Kondisi awal sangat menentukan keadaan. Namun, hasilnya belum tentu dapat diprediksi dan tidak selalu sama.
***
"Ruby, ayo!" Tangan wanita seputih es menanti genggamannya. Senyumnya hangat dan memesona, rambutnya kecoklatan dengan iris mata abu-abu khas Slavia. Ruby membalas senyum itu dan menggandengnya. Mereka berdua mengembangkan bibirnya tanpa suara. Sangat berbahagia.
Di luar, sudah menunggu seorang lelaki berbadan tegap, berkulit sawo matang. Menanti mereka dengan kamera, menangkap setiap pergerakan ke dalam alat itu. Cara tertawa, cara berjalan dua orang itu amatlah sama. Lelaki itu tersungging bahagia. Ikut serta dalam langkah dua manusia tadi, beriringan.
Mereka bertiga bersukacita, membelah jalanan di Siberia, menelusuri hutan berisi pohon jarum-jarum yang memucat, berhenti sejenak untuk bermain dengan onggokan salju, juga mencoba kendarai kereta yang ditarik oleh serangkaian anjing ras berbulu tebal yang bersahabat, ramah dan gemar berlari. Pernah juga jatuh dan terguling-guling di salju, termakan es yang sudah dipijak.
Mereka tertawa tiada henti. Seolah-olah kebahagiaan itu abadi. Lekat erat dalam ketiganya. Ketika suhu makin menurun, pelukan tidak lekang dari Gamal dan Mentari.
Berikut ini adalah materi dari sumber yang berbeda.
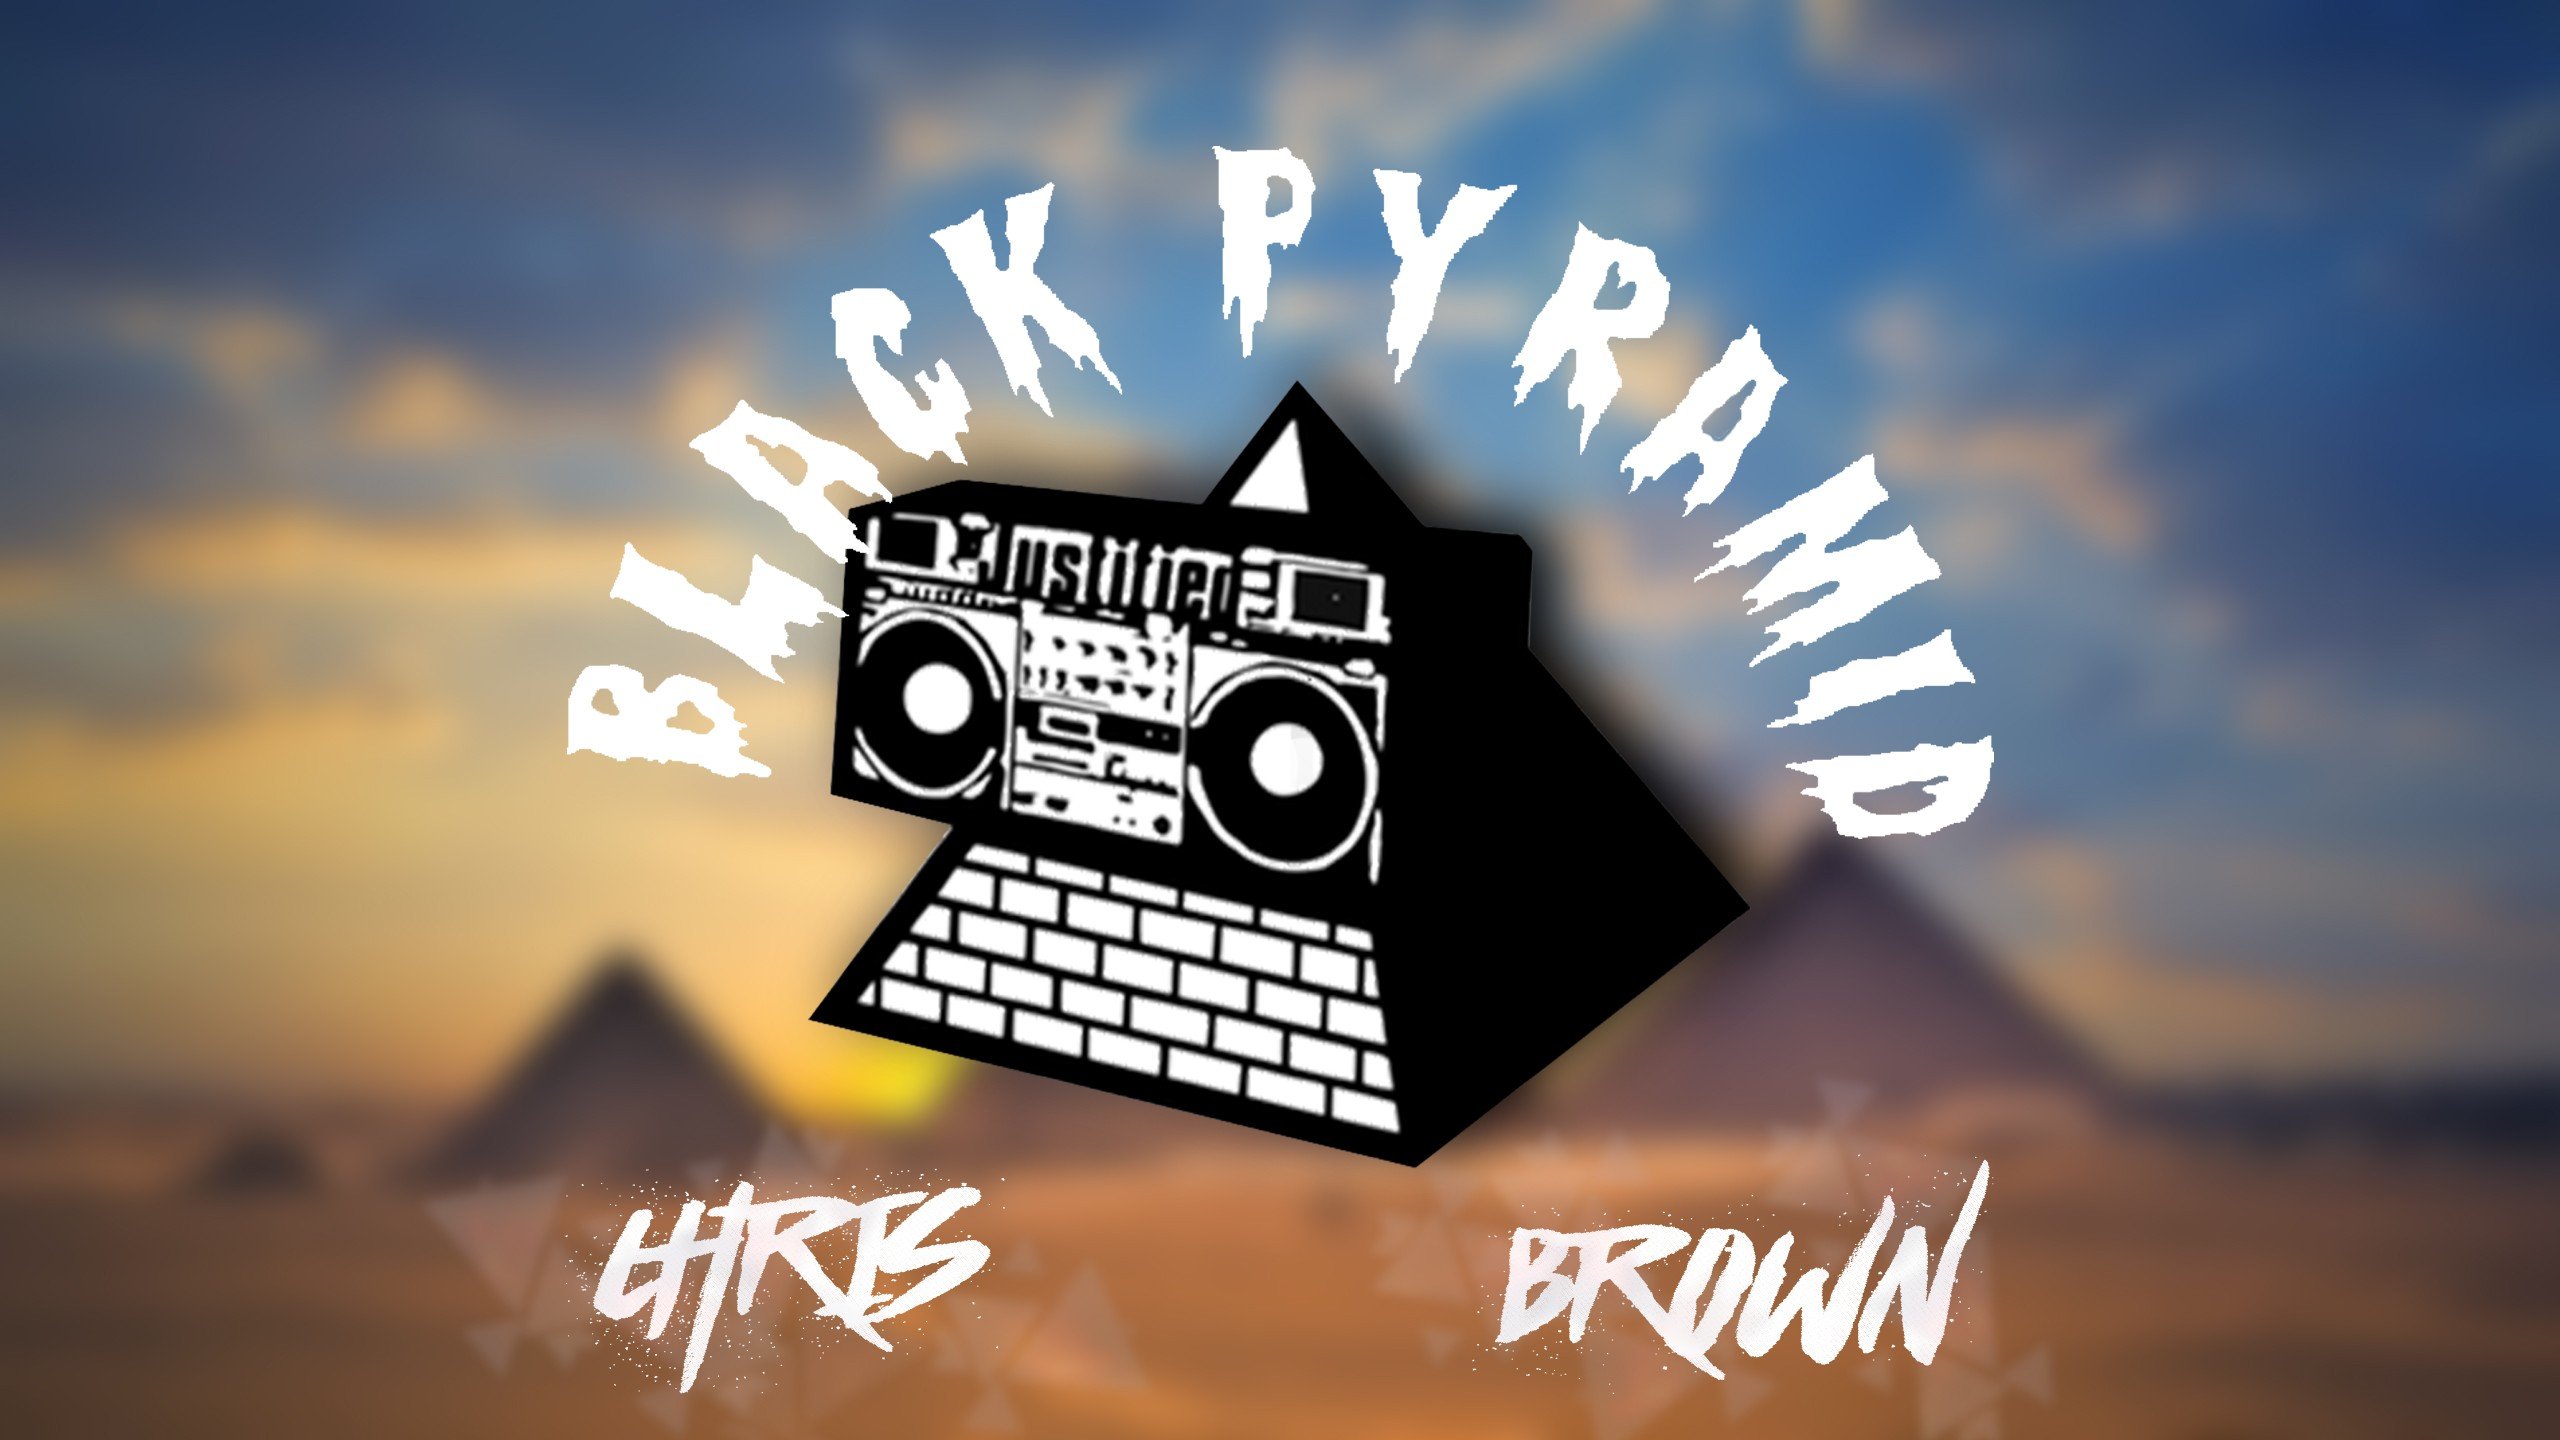 black pyramid, Chris brown, Breezy Wallpaper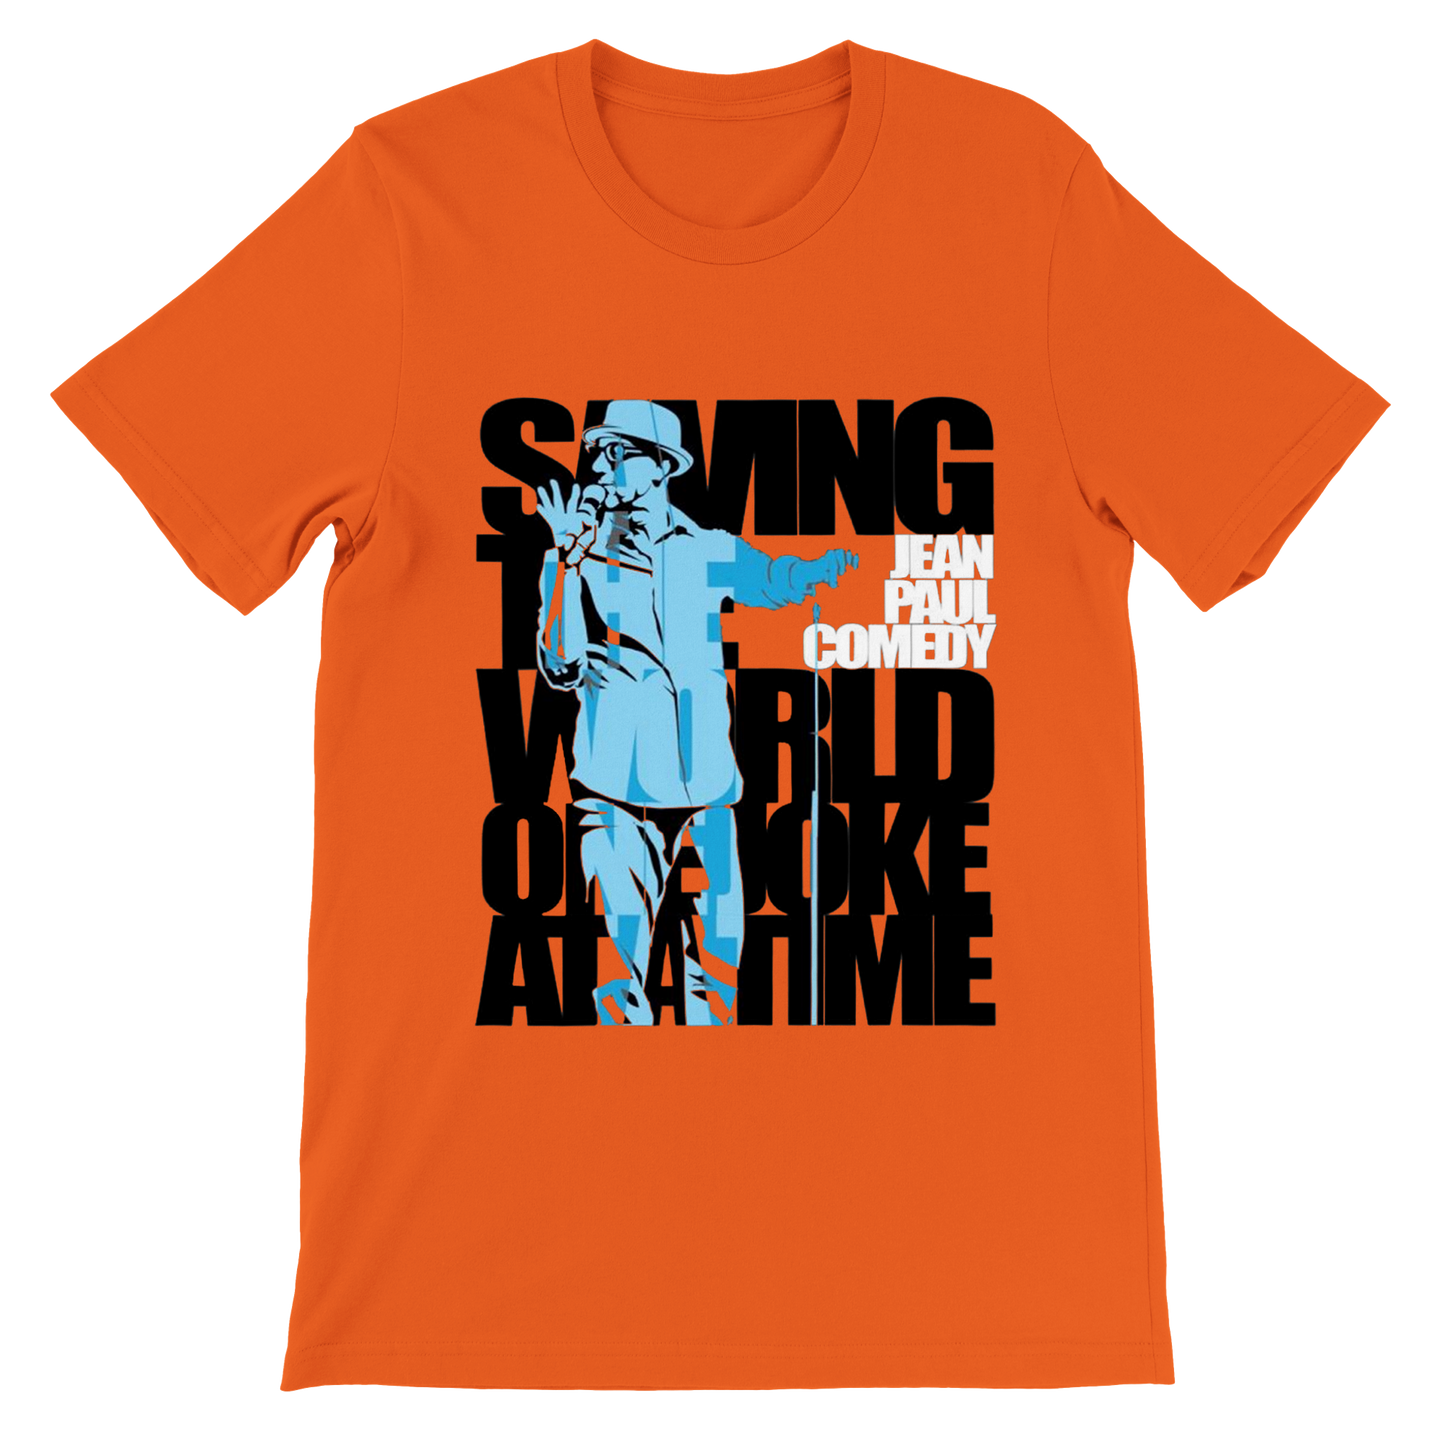 Jean Paul Comedy- Saving the world - Premium Unisex Crewneck T-shirt

Mereka dua bergantian memeluk Ruby, gadis kecil berkuncir itu tak lelah-lelahnya menaburkan senyum kepada siapa saja yang dijumpainya.
Mentari menggosok-gosok tangan Ruby dengan tangannya agar ia hangat. Tak habis-habisnya berbicara dan tertawa agar dingin tidak terasa. Sesekali mereka berpelukan kembali, menatap jalan yang dilalui Gamal.
Siberia dan dingin adalah stereotip yang sudah tertanam sejak lama. Namun, sangat menghangatkan bagi mereka. Tempat itu indah, tidak peduli dibilang berbahaya bagi sebagian orang. Kata orang, beruang coklat bisa sewaktu-waktu turun dari hutan di sana, tapi sudah dicari-cari Gamal malah tidak bertemu. Lalu pria itu bilang, mungkin beruangnya sudah hilang, lebih memilih bermain di hutan bersama Masha.
Bulir-bulir parutan es putih jatuh di atas pohon-pohon di luar, ke kap mobil Gamal dan ke tanah. Gamal tetap menyetel reggae sebagai teman di perjalanan. Sesekali, lelaki itu melepas kemudi untuk mengangkat tangan ke udara. Membuat kedua perempuan yang ada menertawainya. Gamal juga tertawa. Tawa mereka membumbung di mobil. Di udara. Di benak Ruby. Dekat. Terasa sangat erat. Tawa yang menghangatkan. Ruby sampai memicing saking lucunya.
Perlahan tawa itu meredup, Ruby membuka mata dan berusaha menoleh, tetapi yang ia lihat hanyalah gelap. Ruby meraba sebelahnya, mencari Mentari. Kosong.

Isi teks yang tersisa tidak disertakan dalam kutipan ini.